As mentioned in the release posts for Exchange 2013 CU16 and Exchange 2016 CU5, both of these Exchange versions now require .NET framework 4.6.2 on all supported OS platforms.  This post focusses on Windows 2012 and 2012 R2 installations, see note below about Windows 2016.

Update 25-1-2018  Since the older versions of Exchange 2013 and 2016 CUs are no longer available, the Exchange Support Matrix has been updated with the below:

When upgrading Exchange from an unsupported CU to the current CU and no intermediate CUs are available, you should upgrade to the latest version of .NET that’s supported by Exchange first and then immediately upgrade to the current CU. This method doesn’t replace the need to keep your Exchange servers up to date and on the latest, supported, CU.
Microsoft makes no claim that an upgrade failure will not occur using this method, which may result in the need to contact Microsoft Support Services.

 

Exchange setup will check for the presence of the required .NET framework, if not present setup will halt.

This is also true when extending the AD Schema and preparing Active Directory.  If the machine where you are running the AD preparation commands does not have the required .NET framework, then the installer will log an error.   In the below example a Windows 2012 R2 domain controller, the Schema Master FMSO role holder, was used to initiate the PrepareSchema command.  This failed due to .NET not being updated on that server where the Exchange 2013 CU16 setup command was being executed:

setup.exe /IAcceptExchangeServerLicenseTerms /PrepareSchema

Exchange Setup Halted Due To Unsupported .NET Framework Version

For make benefit, most glorious search engines:

Microsoft Exchange Server 2013 Cumulative Update 16 Unattended Setup

Copying Files…
File copy complete. Setup will now collect additional information needed for installation.

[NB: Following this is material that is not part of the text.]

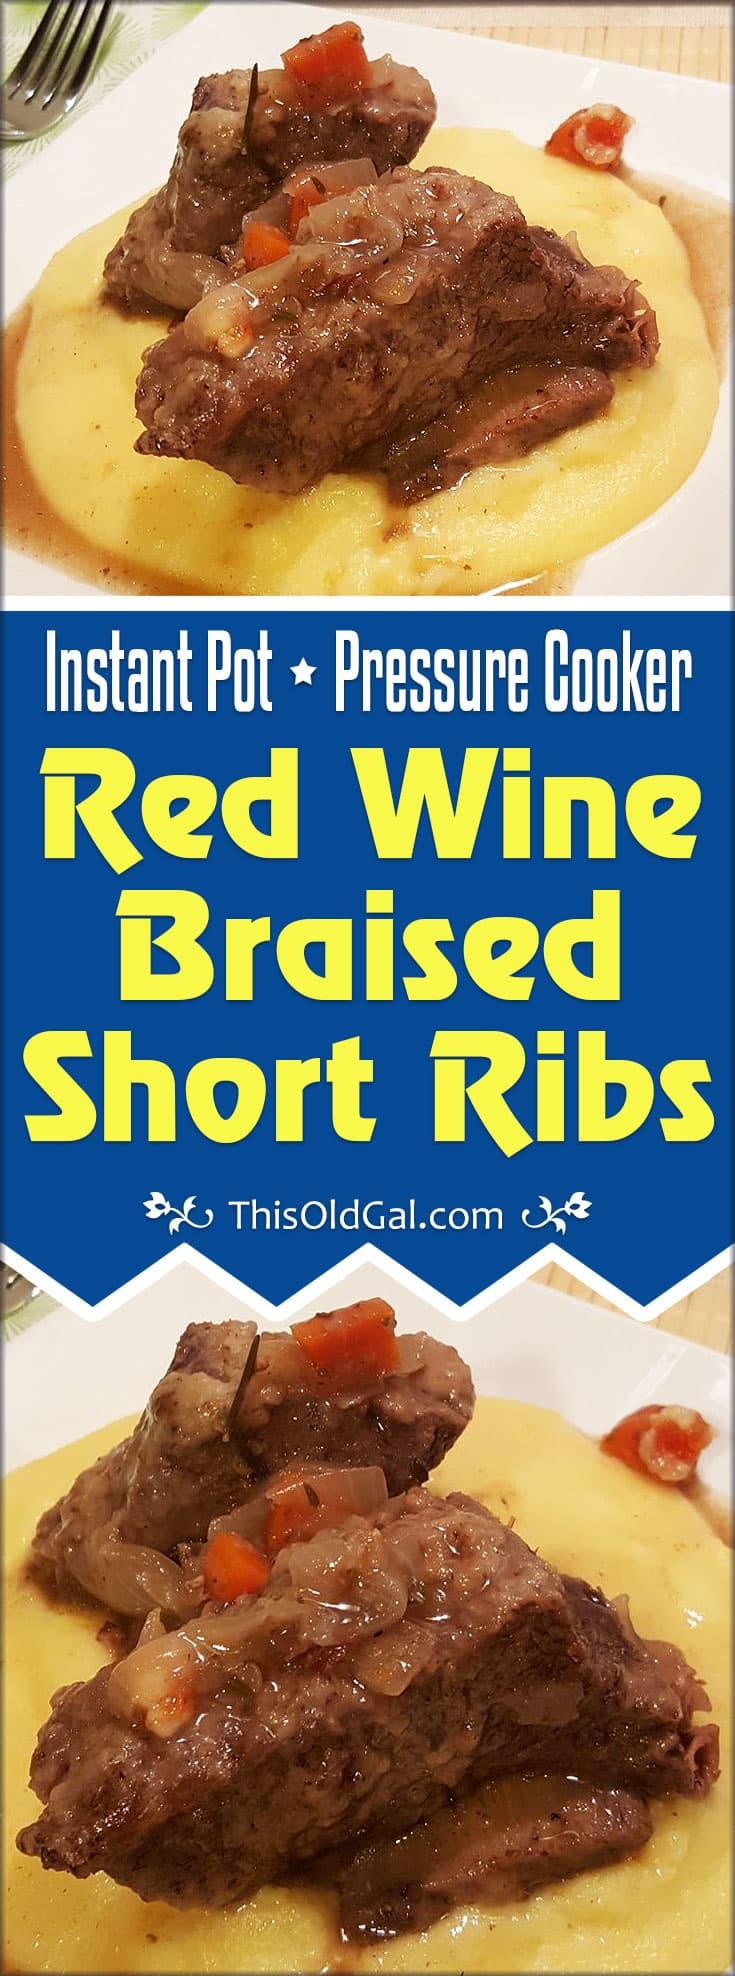 Pressure Cooker Red Wine Braised Short Ribs

Performing Microsoft Exchange Server Prerequisite Check

    Prerequisite Analysis                                                                                                 FAILED
This computer requires .NET Framework 4.6.2 (
https://support.microsoft.com/kb/3151802).
For more information, visit:
http://technet.microsoft.com/library(EXCHG.150)/ms.exch.setupreadiness.MinimumFrameworkNotInstalled.aspx
The Exchange Server setup operation didn’t complete. More details can be found in ExchangeSetup.log located in the<SystemDrive>:ExchangeSetupLogs folder.

 

If setup was launched on a Exchange server which was missing the .NET update, the same error will be logged.  This will be after the additional pre-flight checks are performed.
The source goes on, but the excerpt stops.